After we gather 512 audio samples, which multiply each sample by the corresponding value in the Hann window before performing the FFT algorithm. This zeros the samples at the extremes of the array, making the signal periodic over the sample window. Here's what this looks like visually.

Suppose we start with these raw audio samples:

raw =   (numpy.sin((2*numpy.pi*numpy.linspace(0, 511, 512))/128) +
         numpy.sin((2*numpy.pi*numpy.linspace(0, 511, 512))/32)  +
         numpy.sin((2*numpy.pi*numpy.linspace(0, 511, 512))/64) + 2.5)*0.7
plt.plot(raw)
plt.title('Raw Audio')
plt.xlabel('Sample number')
plt.ylabel('Amplitude')
plt.show()

We multiply each raw sample by the corresponding sample in the Hann window:

Hann = 0.5*(1-numpy.cos((2*numpy.pi*numpy.linspace(0, 511, 512))/512))
plt.plot(Hann)
plt.title('Hann window');
plt.xlabel('Sample number')
plt.ylabel('Amplitude')
plt.show()

And the result looks like this:

plt.plot(Hann*raw)
plt.title('Windowed audio samples')
plt.xlabel('Sample number')
plt.ylabel('Amplitude')
plt.show()

Alpha Max Beta Min Algorithm¶

The output from the FFT is a collection of complex numbers that have both real parts and imaginary parts. In the spectrogram, we just want to display information related to the magnitude of these complex numbers. To compute this value precisely, we would compute the square root of the sum of squares of the real/imaginary parts of each complex number.
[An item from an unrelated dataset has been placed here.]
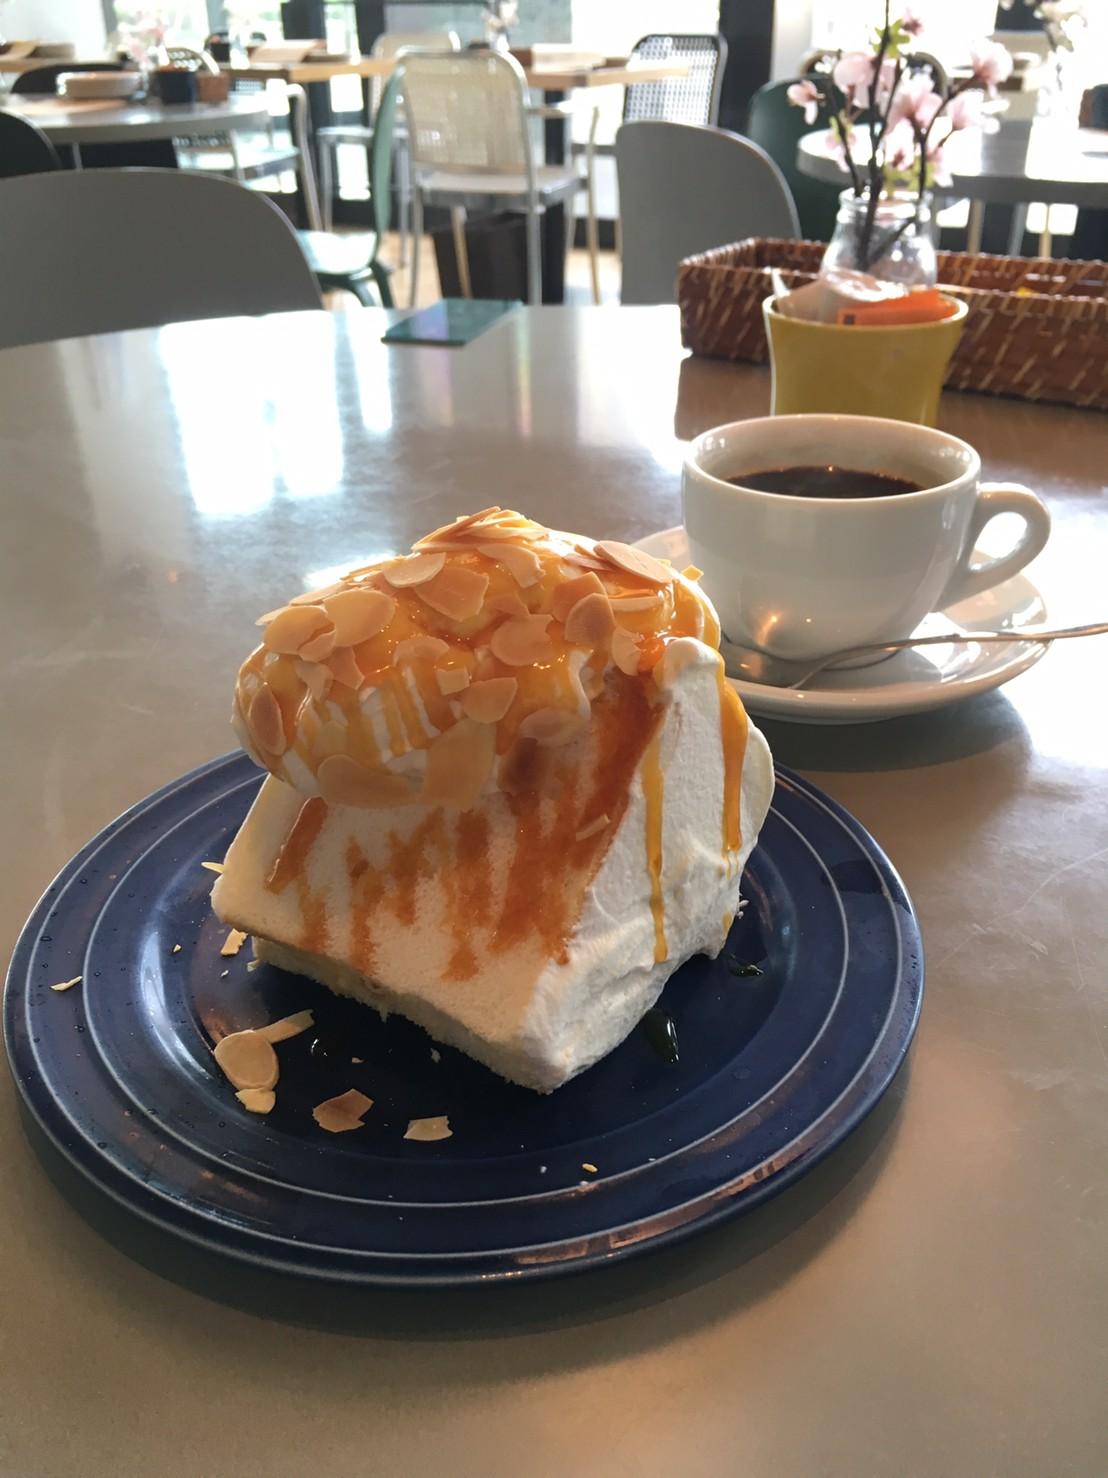 グッドモーニングカフェ 品川シーズンテラス店 料理 スイーツ

This, however, is computationally expensive. The alpha max beta min algorithm provides a shortcut which is accurate to within about 4% (good enough for us) and is less expensive.

|amplitude| = max(|Re|, |Im|) + 0.4*min(|Re|, |Im|)

Hardware¶

Biased high-pass filter¶

The audio output voltage is in the range -2V to 2V. We must bias/scale this to the range 0-3.3V for sampling by the ADC. We can do this with a biasing high-pass filter as shown below.

missing — Biased high-pass filter to shift audio input.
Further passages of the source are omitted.